La infeccin congnita es la tercera va principal de transmisin de T. cruzi y la primera causa de
nuevos casos de CD en Argentina y en reas no endmicas en todo el mundo. En realidad, se han
calculado 1078 y 1457 nuevos casos anuales de CD en este pas debido a la transmisin vectorial y
congnita, respectivamente. 1 El tratamiento de los nios que adquirieron CD congenitally es
siempre eficaz cuando se persigue en los infantes dentro de los primeros aos de vida. Por lo tanto, el
diagnstico temprano de la infeccin puede jugar un papel esencial en el control de la carga de la
enfermedad en esta poblacin. Adems de las pruebas estndar, una PCR realizada en muestras de
sangre de recin nacidos de madres infectadas podra mejorar dicho diagnstico. 5 De esta manera, el
Instituto Nacional de Parasitologa Dr. Mario Fatala Chaben ha iniciado un proceso de transferencia
de tecnologa de PCR para el diagnstico de CD congnito a implementar en el Sistema de Salud
Pblica (datos no publicados).
https://www.ncbi.nlm.nih.gov/pubmed/28727985
Que hicieron?
En nuestro estudio, se pretende evaluar el papel de los recuentos de CD4 en Individuos infectados
con parsitos e investigar la prevalencia De protozoos oportunistas que afectan significativamente la
Calidad de vida de los pacientes infectados por el VIH-1 mediante Mtodos de identificacin
molecular. Nuestro estudio fue planeado como un Prospectivo aleatorizado estudio y se llev a cabo
como un cross-sectional Estudio de prevalencia.
Como lo hicieron?
Se prefiri un sistema de dos etapas para el proceso de aislamiento del ADN en la aplicacin del
mtodo molecular. En primer lugar, se utiliz un comprimido de InhibitEX con un aislamiento
clsico manual, Y cuando se dispersaron las sustancias inhibidoras, Las muestras se cargaron a una
mquina QIAcube. En nuestro estudio, preferimos el QIAGEN Q1 Aamp DNA Stool Mini Kit, que
es compatible con la mquina QIAcube. Para el Real-Time PCR, utilizamos el Genesig Primerdesign
Ltd. Cuantificacin de la Protena de Choque Trmico de Cyclospora cayetanensis 70 (HSP70) kit de
genes (Reino Unido). Para el Cryptosporidium Gnero, se utiliz el Genesig Primerdesign Ltd
Cuantificacin Del kit de genes Cryptosporidium (Crypto) Genomes (Reino Unido). Nuestra Estudio
se llev a cabo utilizando un Qiagen Rotor Q Real Time PCR mquina.
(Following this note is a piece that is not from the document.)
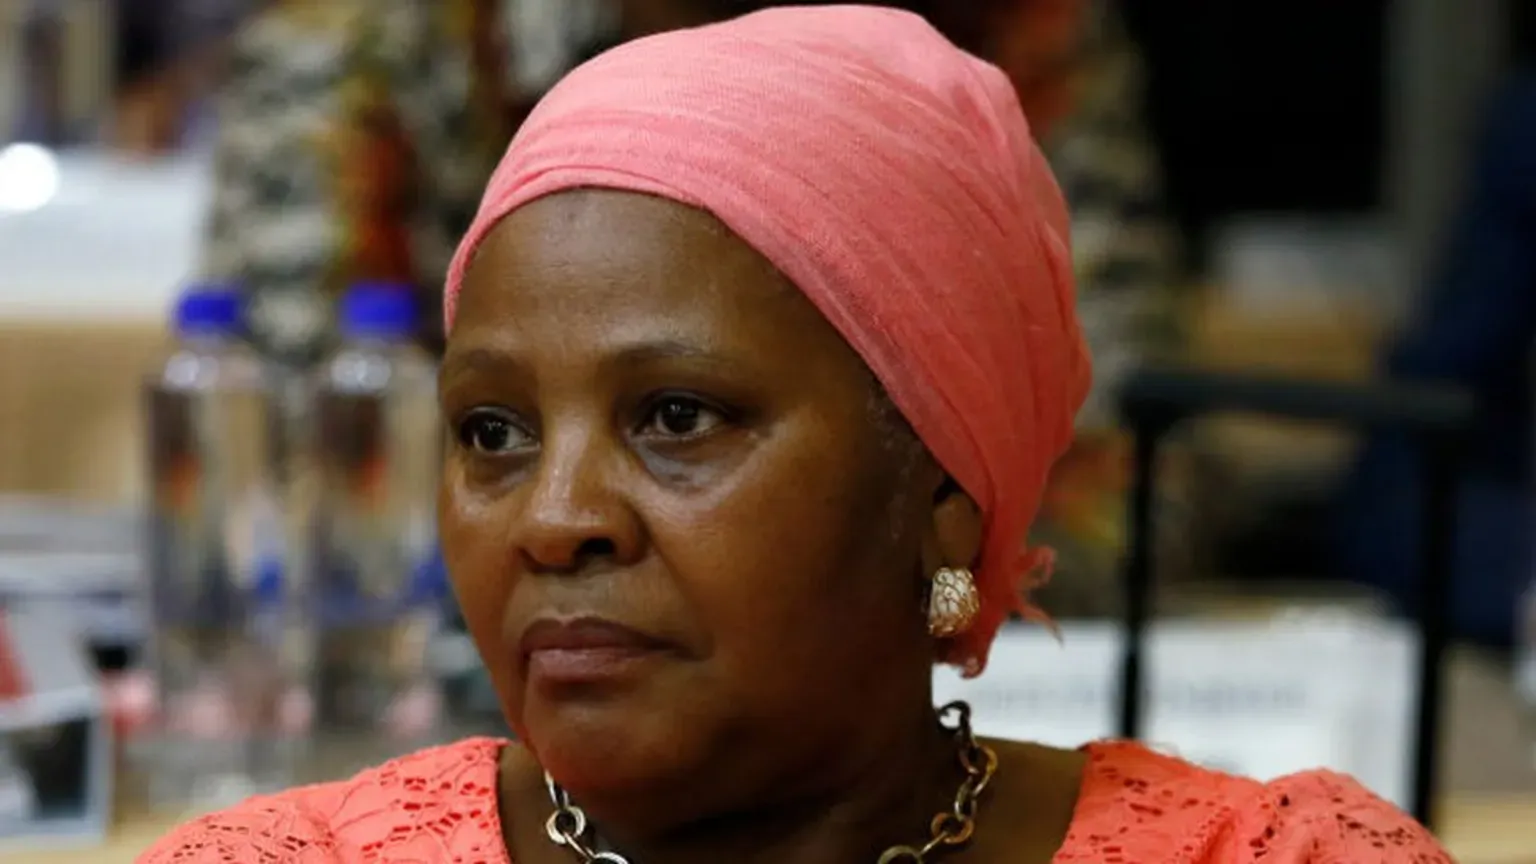 South African Speaker Delivers Herself to Police for Arrest Over Corruption Charges

Los cebadores y sondas
utilizados para la sonda basada en la sonda TagMan
La aplicacin de PCR en tiempo real amplifica la segmentacin de regiones especficas de la regin
70 de protena de choque trmico (HSP70) para C. Cayetanensis y la regin de la protena de pared
de oocistos (COWP) para Cryptosporidium. La extraccin positiva, negativa e interna de ADN
Controles y el patgeno que identificaba las Preparados de acuerdo con el contenido de sus
respectivos kits. Unos 15 l de valor de mezcla y 5 l de ADN extrado (Extrados de las muestras)
se pipetearon en cada uno de los 0,2 mL de tubos de PCR. Al final, todos los tubos contenan 20 l
de fluido. Despus de que los tubos de PCR se cargaron en el Rotor Gene Q Mquina, el protocolo
de amplificacin especificado en el Real-Time PCR se calibr en el software de la computadora
(Rotor Gene Q Series Software) y se inici la reaccin.